In the early 1990s, Mexico reported substantial improvement in overall living conditions compared with the previous twenty years. The 1990 census demonstrated expanded access to basic public services such as running water and indoor plumbing. It also revealed, however, that Mexicans had not shared equally in these improvements, with southern Mexico consistently lagging behind the rest of the nation in quality-of-life indicators. In addition, rural living conditions countrywide paled in comparison to those found in urban areas.
According to the 1990 census, 79.4 percent of all Mexican households had access to running water, a notable improvement from the 61 percent and 70.3 percent rates recorded in 1970 and 1980, respectively. Significantly, however, access to running water did not necessarily mean indoor plumbing. Indeed, a household whose residents obtained water from a piped system elsewhere on the property or from a public faucet were considered to have access to running water. In addition, the census did not measure the quality or quantity of piped water. Many lower-class communities had access only to untreated running water, and even that for only a portion of each day.
Even using the broad definition of access to running water, wide variations emerged. Four states in southern Mexico--Chiapas, Oaxaca, Guerrero, and Tabasco--reported access levels below the 1970 national average. Access to running water was especially low in rural communities. Only 48.1 percent of all communal farming communities or ejidos (see Glossary) nationwide reported access in 1988, with levels below 30 percent for ejidos in Veracruz and Yucatán, and below 40 percent for ejidos in Chiapas, San Luis Potosí, Tabasco, and Tamaulipas (see Rural Society, this ch.).

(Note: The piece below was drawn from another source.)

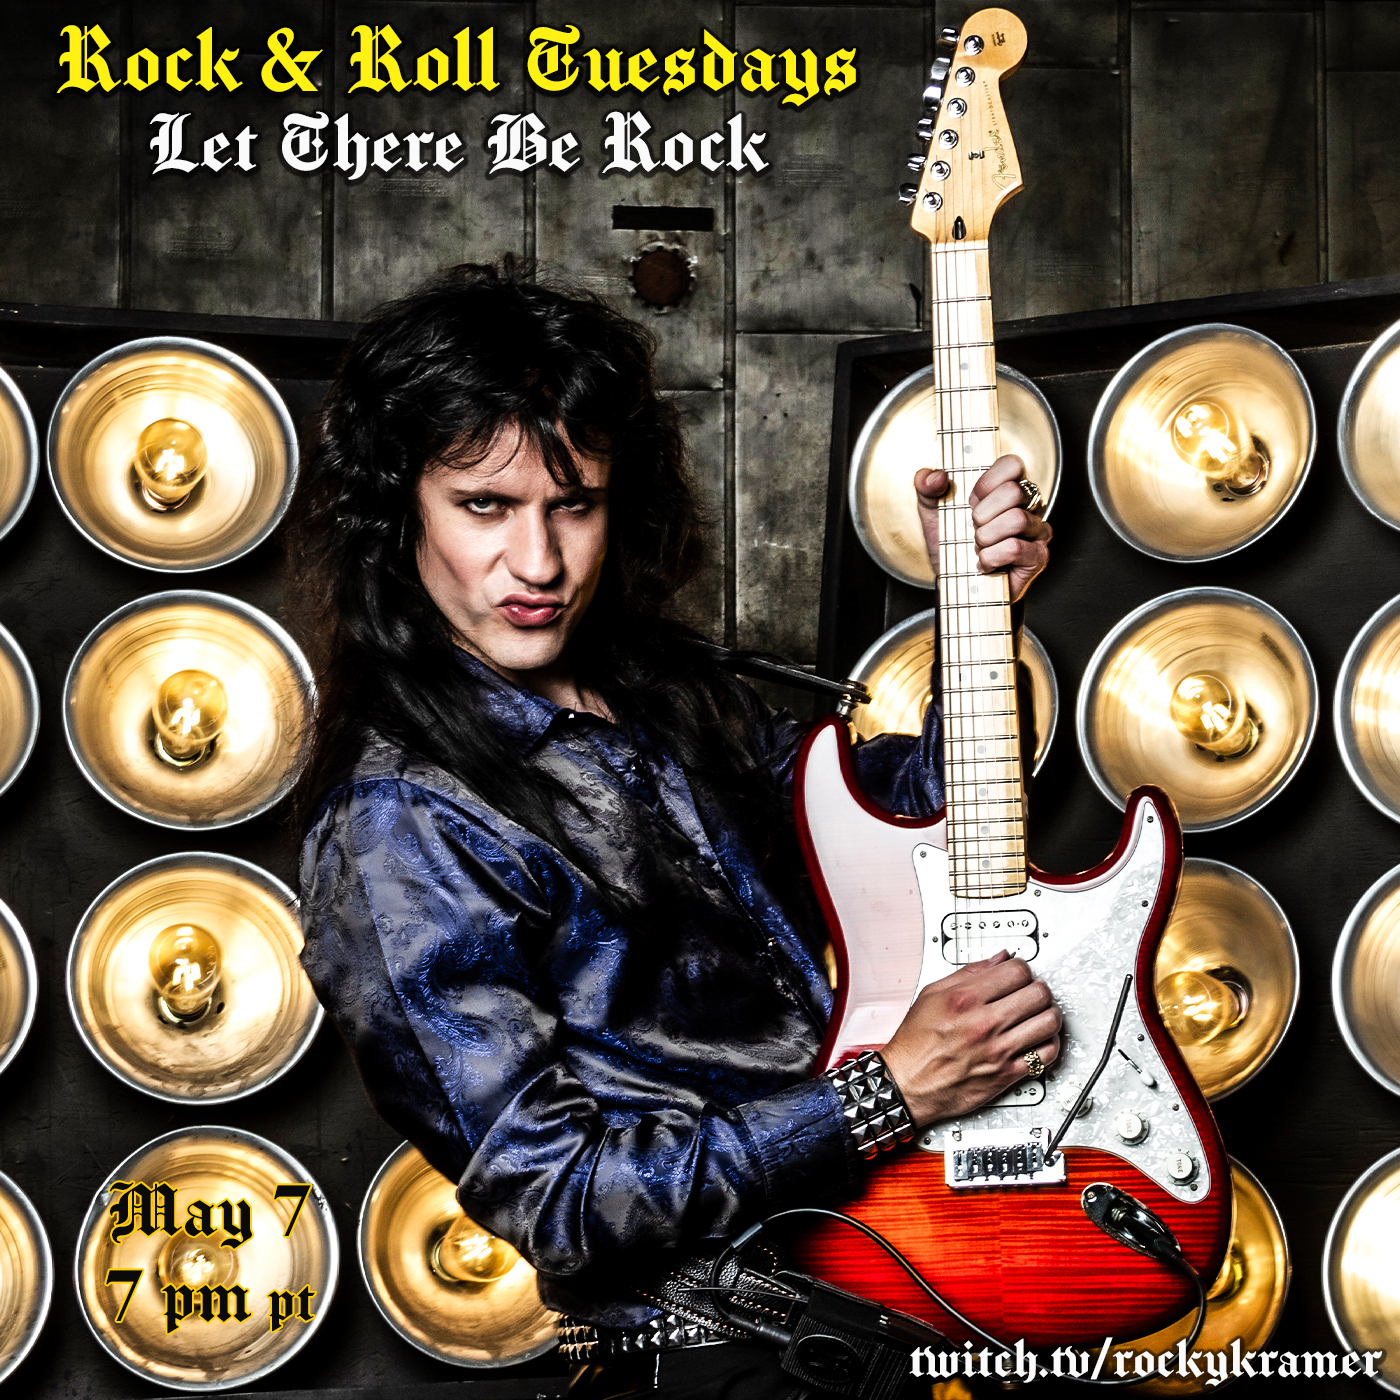 Rocky Kramer’s Rock & Roll Tuesdays Presents “Let There Be Rock” On 5/7/24, 7 PM PT on Twitch

Similar variations also were evident in a number of other social indicators. Nationally, 63.6 percent of all households had indoor plumbing in 1990, as compared with 41.4 percent and 50.7 percent in 1970 and 1980, respectively. However, indoor plumbing rates ranged from more than 90 percent in Mexico City to less than 40 percent in Oaxaca and Chiapas. National household access to electricity climbed from 58.9 percent in 1970 to 74.4 percent in 1980 and to 87.5 percent in 1990. Yet although Aguascalientes, Nuevo León, and Mexico City reported rates exceeding 95 percent in 1990, less than 70 percent of all Chiapas households had electricity. Only 68.3 percent of all ejido communities had electricity in 1988, with rates below 60 percent for ejidos in Chiapas, San Luis Potosí, Veracruz, and Yucatán, and below 50 percent for ejidos in Chihuahua.
Finally, 19.5 percent of all households had dirt flooring in 1990, a notable improvement from the 41.1 percent average in 1970 and the 25.8 percent average in 1980. Again, however, jurisdictions reported enormous disparities. Although Mexico City and five northern states--Aguascalientes, Baja California, Coahuila, Chihuahua, and Nuevo León--had levels below 10 percent, more than 40 percent of all households in the southern states of Chiapas and Guerrero and more than 50 percent of all households in Oaxaca had dirt floors.